On their walk, Willie and Carson reach the limits of Harlem, where she knows they should turn around, but they keep going. As they are surrounded by more white people, Willie sees Robert tying the shoe of a little boy holding a white woman’s hand. After Robert stands and kisses the woman, he and Willie lock eyes. They smile at each other, and Willie realizes she has forgiven him. That Sunday during church, Willie thinks of H coming home from the mines, happy to have his wife and daughters waiting for him. Willie looks out to see Carson and Josephine and finally begins singing again.

Analysis: Willie

Willie is the first of Esi’s descendants to be born into a happy, free childhood, giving her and Robert the confidence to strive for more by moving to Harlem. This move is made possible by their strong community ties to Pratt City as they are able to stay with Joe. However, the relative bubble that is Pratt City makes them oblivious to and unprepared for the struggles they will face. Because Black and white people lived harmoniously in Pratt City, it did not occur to either Willie or Robert that they would face problems in presenting as an interracial couple, even though they are not. While Robert is able to take advantage of the benefits that come with passing as white, such as more employment opportunities, this also distances him from his heritage, his culture, and, ultimately, his wife.
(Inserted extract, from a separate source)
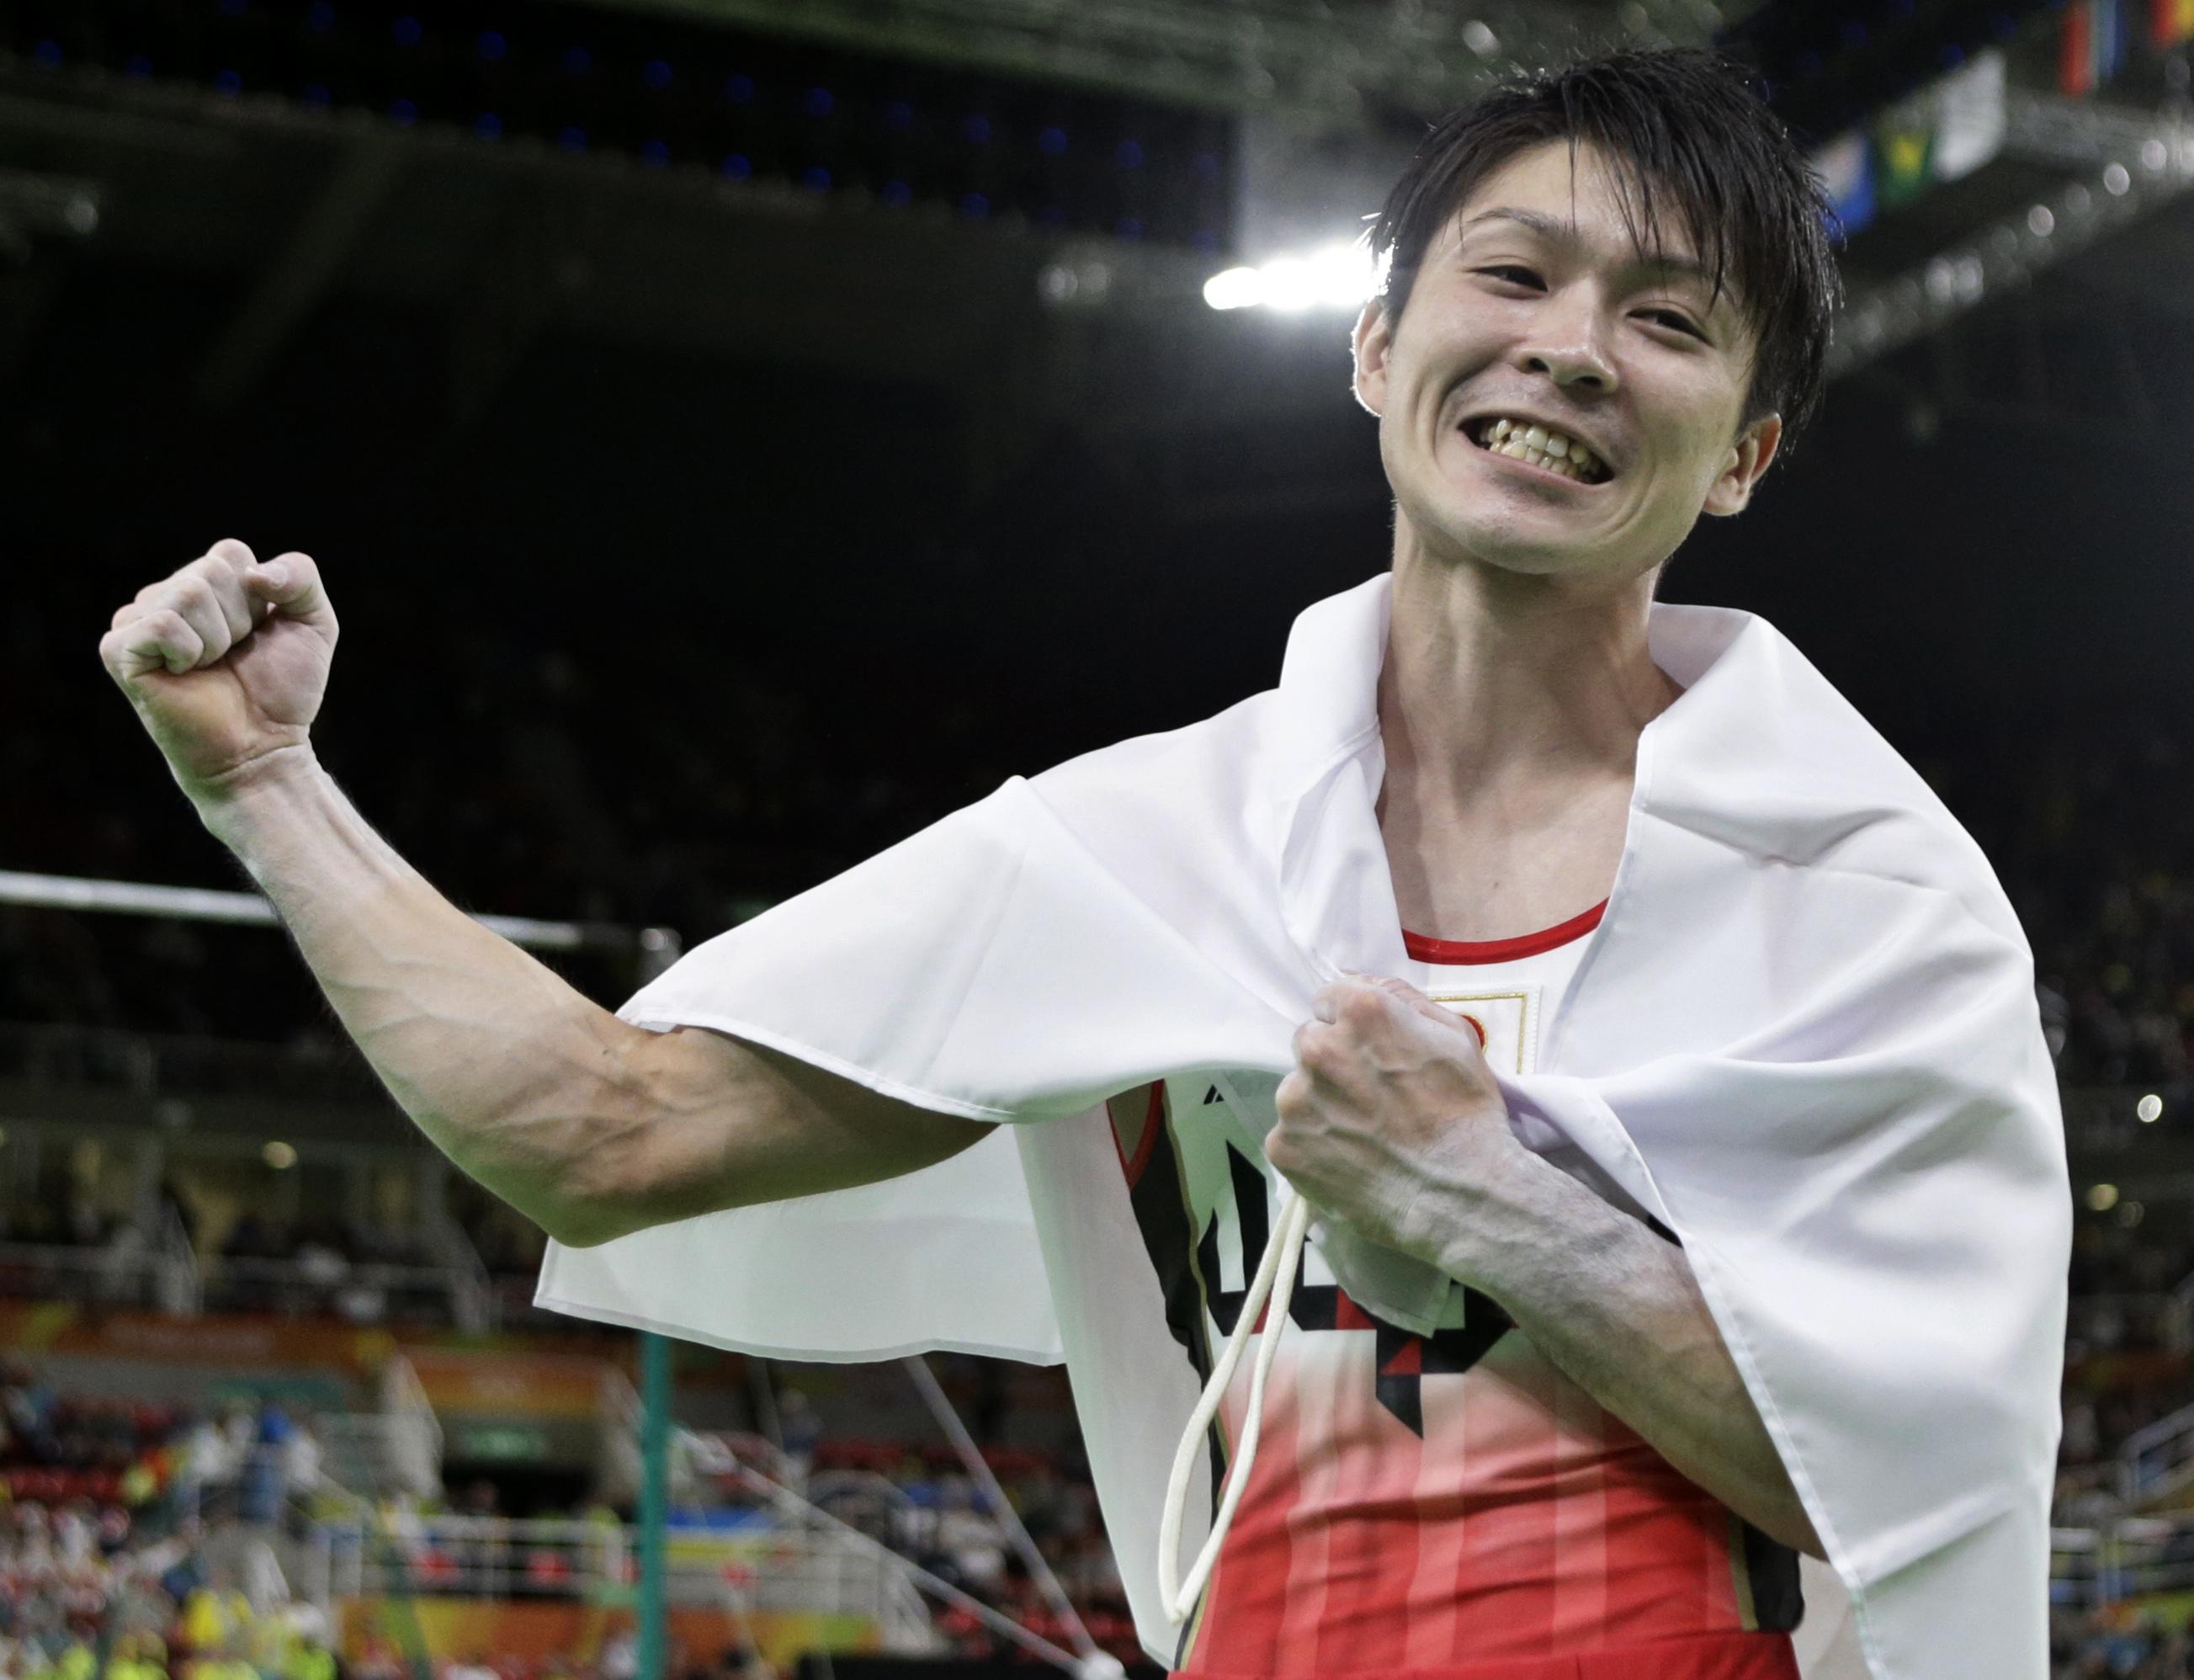 Japan's Kohei Uchimura celebrates his gold during the artistic gymnastics men's individual all-around final at the 2016 Summer Olympics in Rio de Janeiro, Brazil, Wednesday, Aug. 10, 2016. (AP Photo/Rebecca Blackwell)

Willie’s inability to recognize Robert at the Jazzing at first shows how living among white culture has turned him into a different person. When Willie sees Robert on the street, now fully immersed in life as a white man, her forgiveness is likely an acknowledgment of the fact that she was not the only one who suffered in their relationship. Though Robert has a higher economic and social standing, he can never be authentically himself ever again. By distancing himself from his heritage and background, he is deprived of his true identity, which he can never share with his new family.

Though Willie was born into a better life than her ancestors, her trajectory shows just how hard it is for a Black person, especially a Black woman, to elevate herself. Though Willie was known for her singing voice in Pratt City, she is not able to rise any higher than a cleaning woman at a jazz club in Harlem. After the white men force Robert to violate her in the bathroom at the Jazzing, Willie finds she has lost her voice and her power completely. This is evident in how she allows Eli to take advantage of her. However, Willie finds her power after she and Carson walk to the outer limits of Harlem. Seeing Robert in his new life, Willie seems to be grateful that she has her own life and her own children without having to pretend to be someone she is not. When Willie sings in the church choir, she reclaims some of the strength she lost and that she takes pride in the heritage and culture that Robert abandoned.